**Description of the task:**
Each line of the data below should be restated exactly, with images left out.
··· Supplied material ···
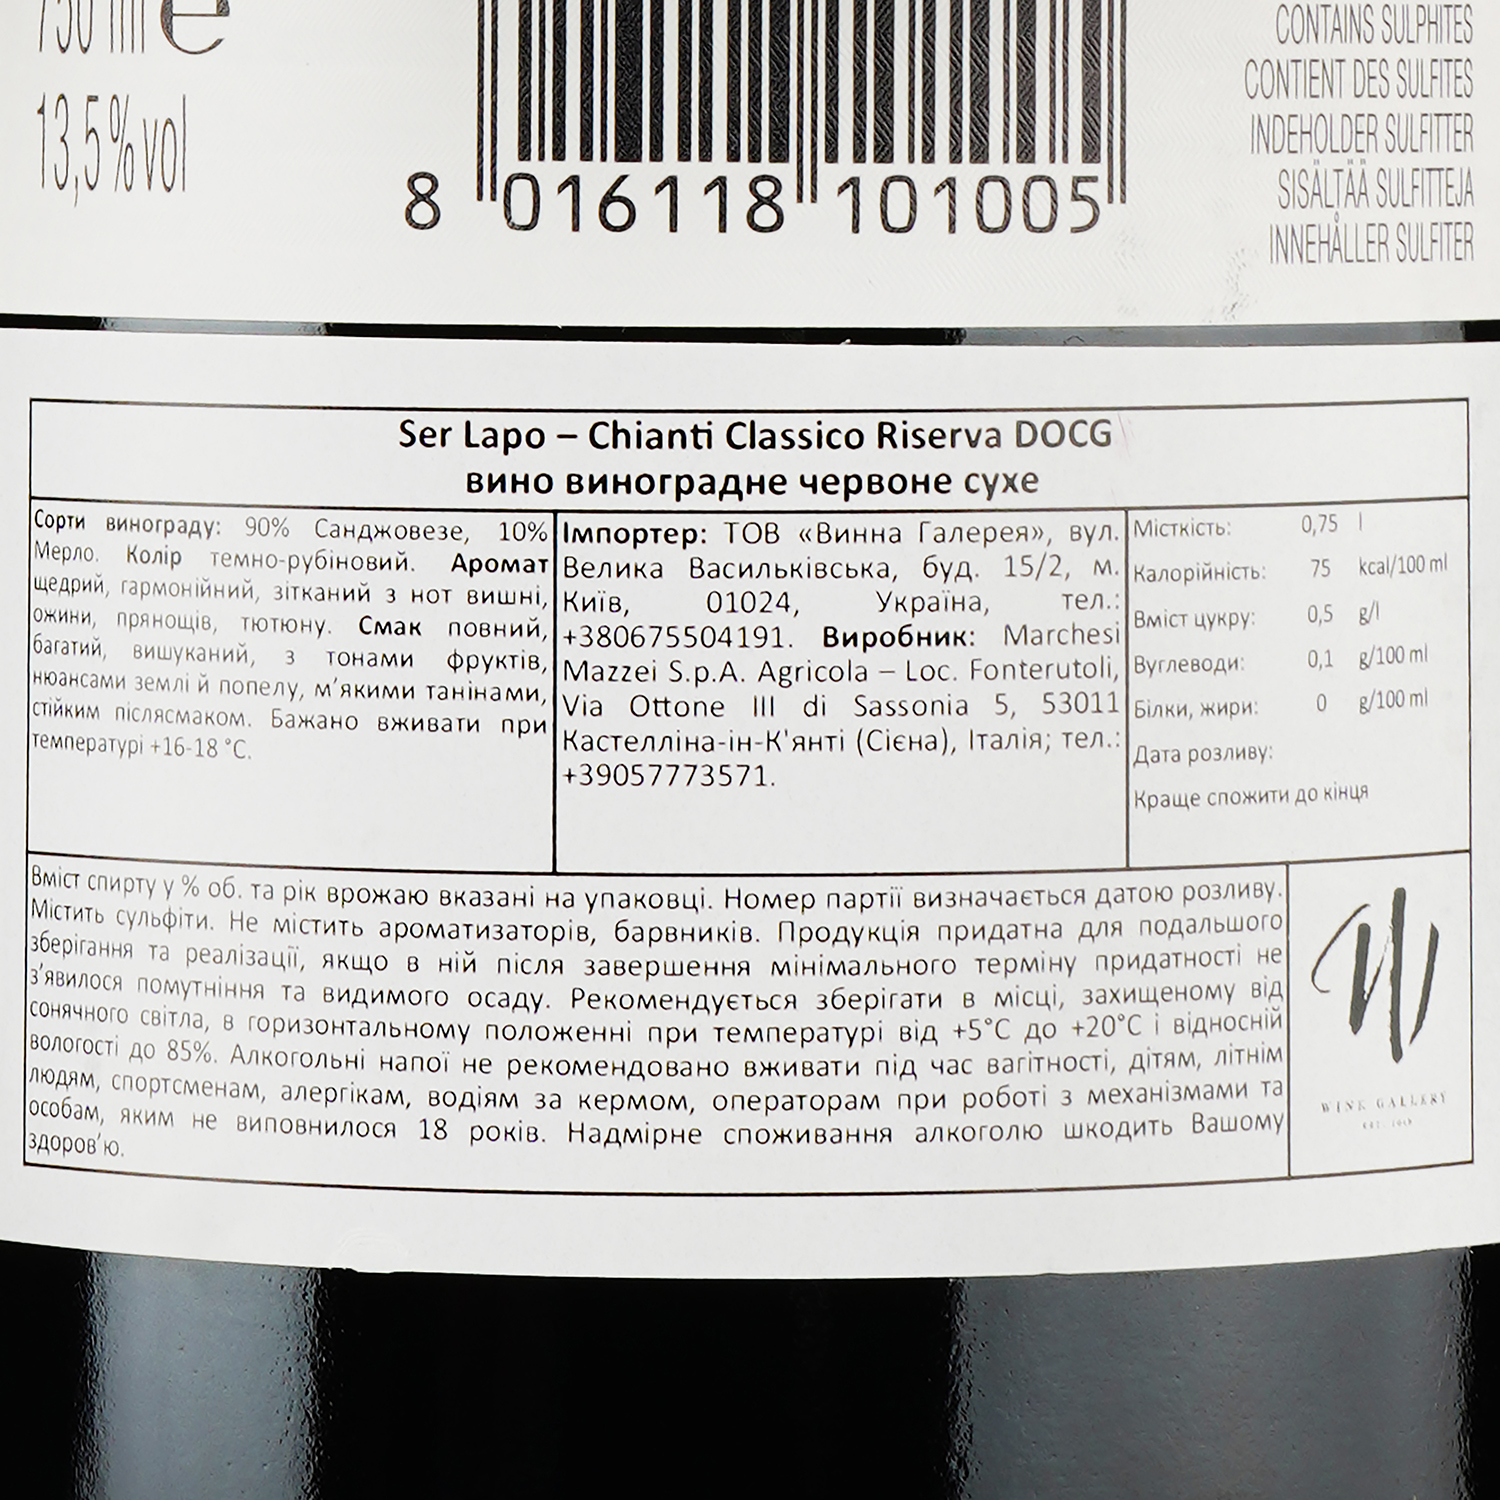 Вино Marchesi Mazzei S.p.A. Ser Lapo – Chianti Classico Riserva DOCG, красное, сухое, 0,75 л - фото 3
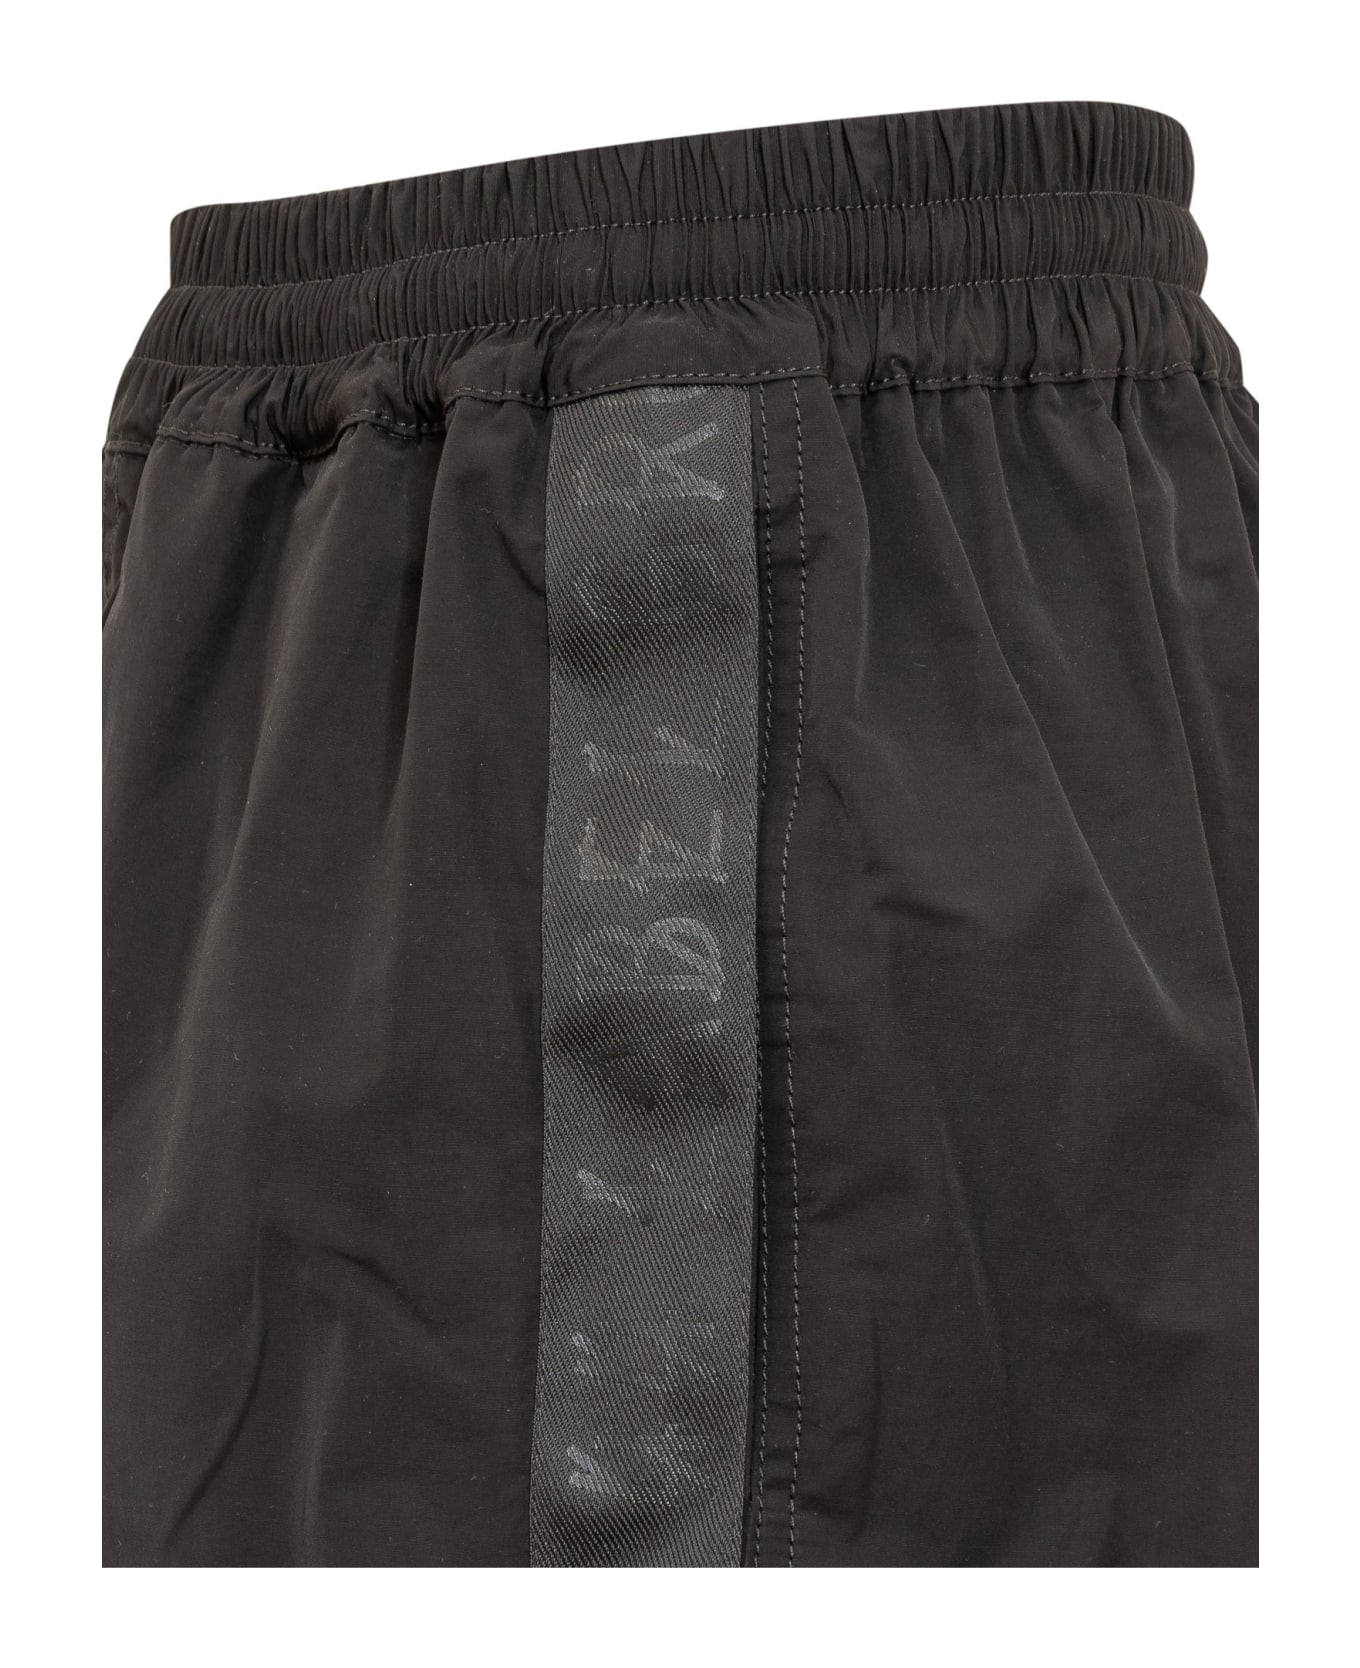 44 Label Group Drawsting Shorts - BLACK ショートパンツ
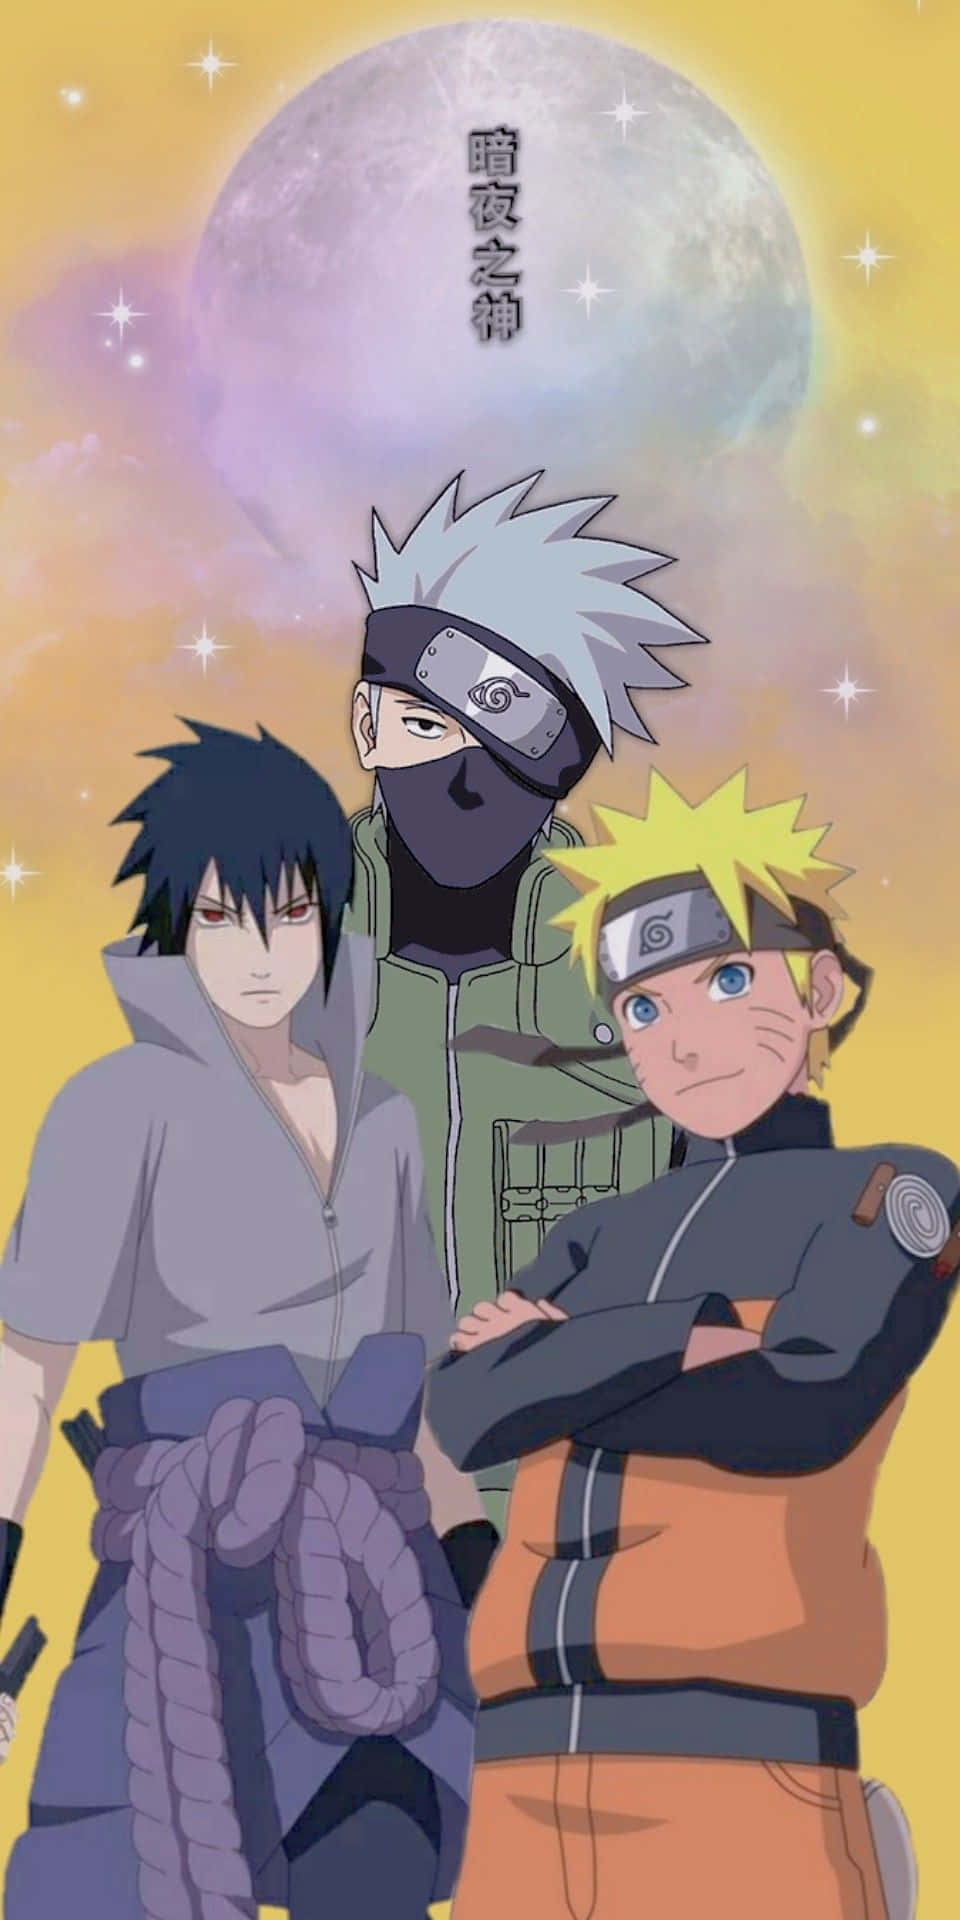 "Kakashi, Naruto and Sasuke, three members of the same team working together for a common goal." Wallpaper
···
**Solved exercise:**
 Вино Marchesi Mazzei S.p.A. Ser Lapo – Chianti Classico Riserva DOCG, красное, сухое, 0,75 л - фото 3
 44 Label Group Drawsting Shorts - BLACK ショートパンツ
 "Kakashi, Naruto and Sasuke, three members of the same team working together for a common goal." Wallpaper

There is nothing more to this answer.